The house at 909 Ripley was boarded up and turned back over to the owner. A few weeks after Albert’s body was discovered, neighbors called the police for assistance. The house is haunted, they insisted. Horrible screams and scratching sounds were coming from the building. The police entered the building to investigate and found not a ghost, but a horrible scene. The Fahlenkamp cats had found their way inside the building before it was boarded up. The screams and scratching were the nearly dozen cats trying to escape the building. Some survived, but many died. The owner quickly had the house demolished.
No explanation was ever given for the large amount of gold coins sewn into Wilhelmina’s dress. The money in the bank was associated with Albert’s years of working, but the coins remained a mystery.
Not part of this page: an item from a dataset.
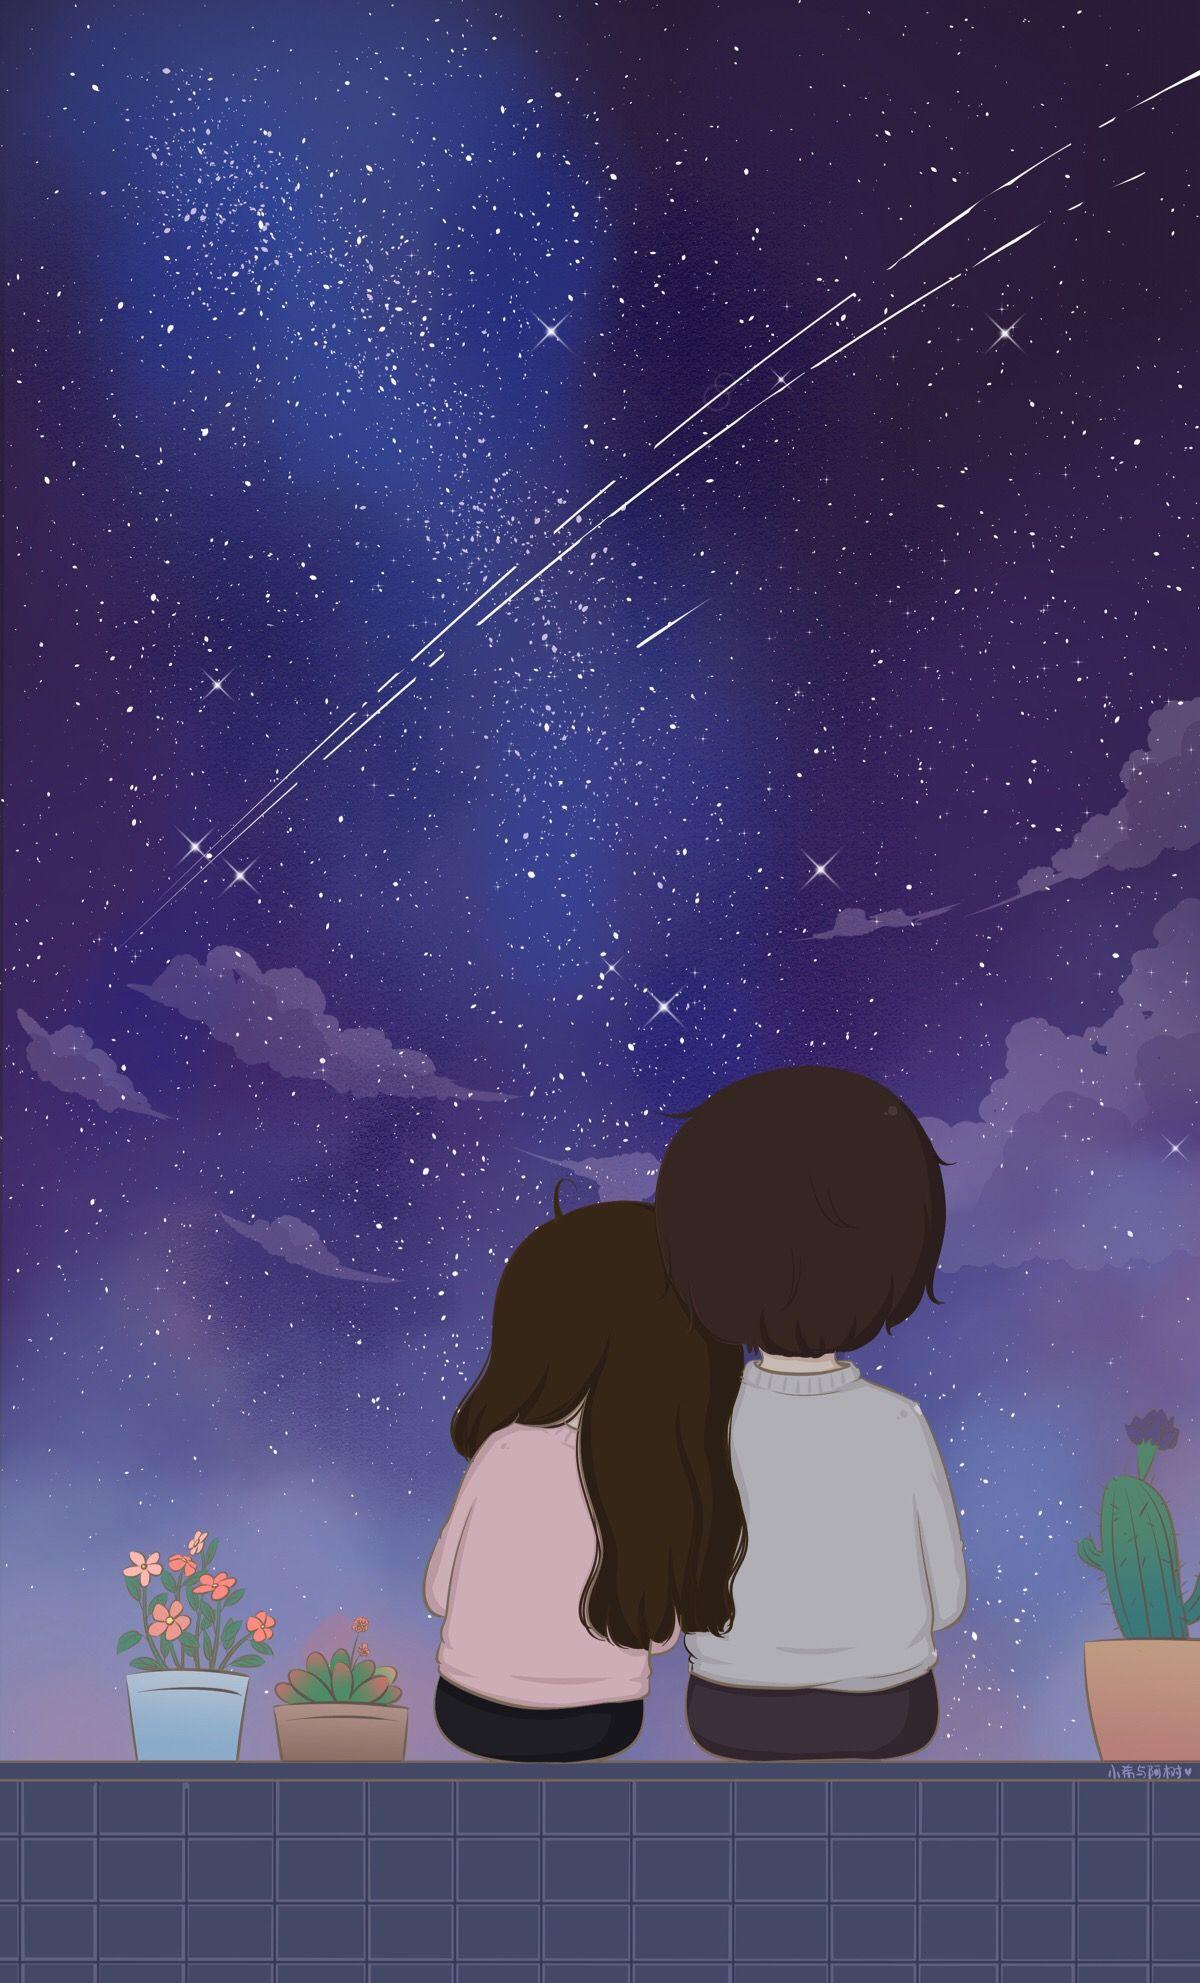 Te Esperando Amorzinho Cute Couple Wallpaper Love Couple Wallpaper Romantic Anime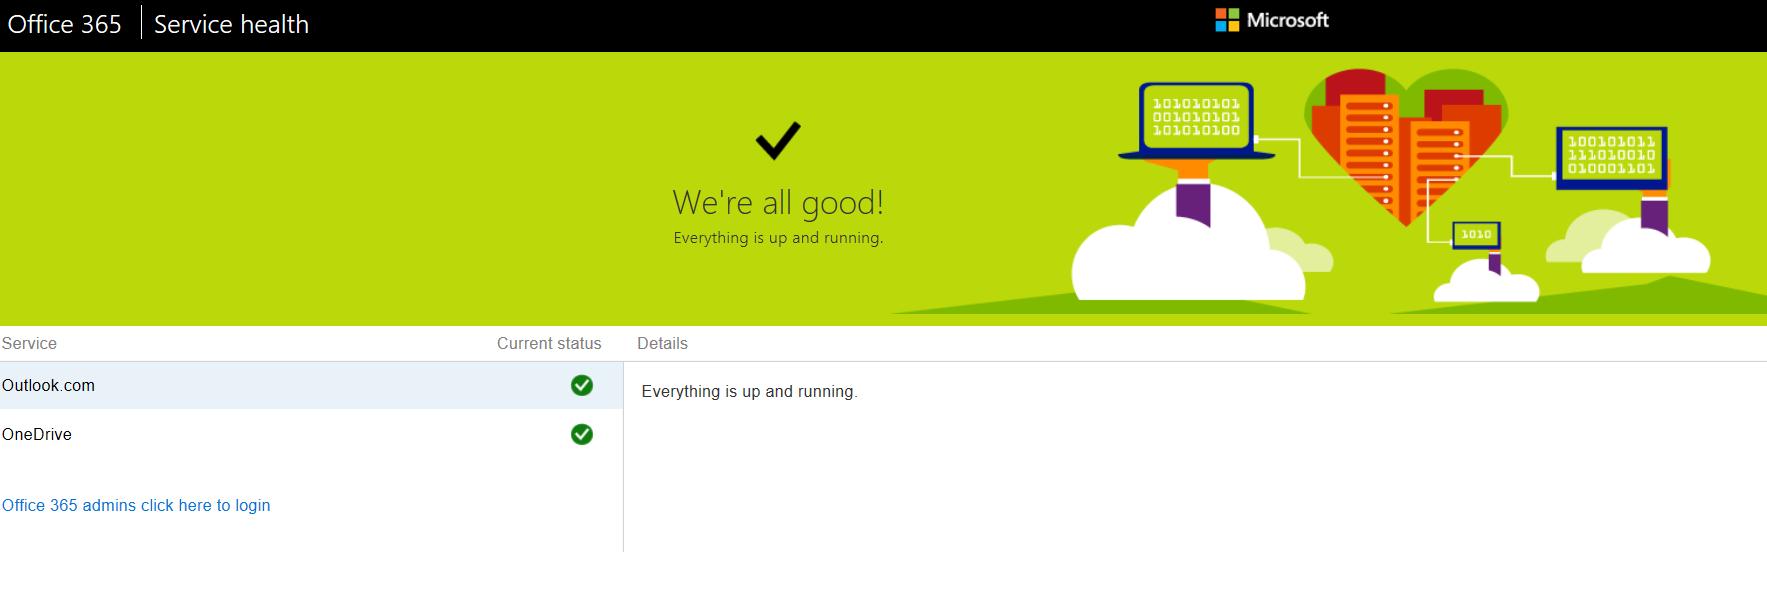 Microsoft service status

What had caused Albert’s death? His mother told the police that a strange man had come to the house and given Albert a bottle which he drank from. The coroner, who did not have a chance to examine the body, did agree that the condition and discoloration of the body would be indicative of poisoning. Would the poison explain the horrible screams heard the night that Albert is thought to have died? We know Albert, formerly an active and healthy man, was almost too weak to walk in his yard at the time of his death. Was poison involved? Did it come from a stranger? Did Albert have a bottle of poison hidden in the house he consumed in desperation? Did Wilhelmina give her son poison that night (or even over a longer period of time) in her insanity?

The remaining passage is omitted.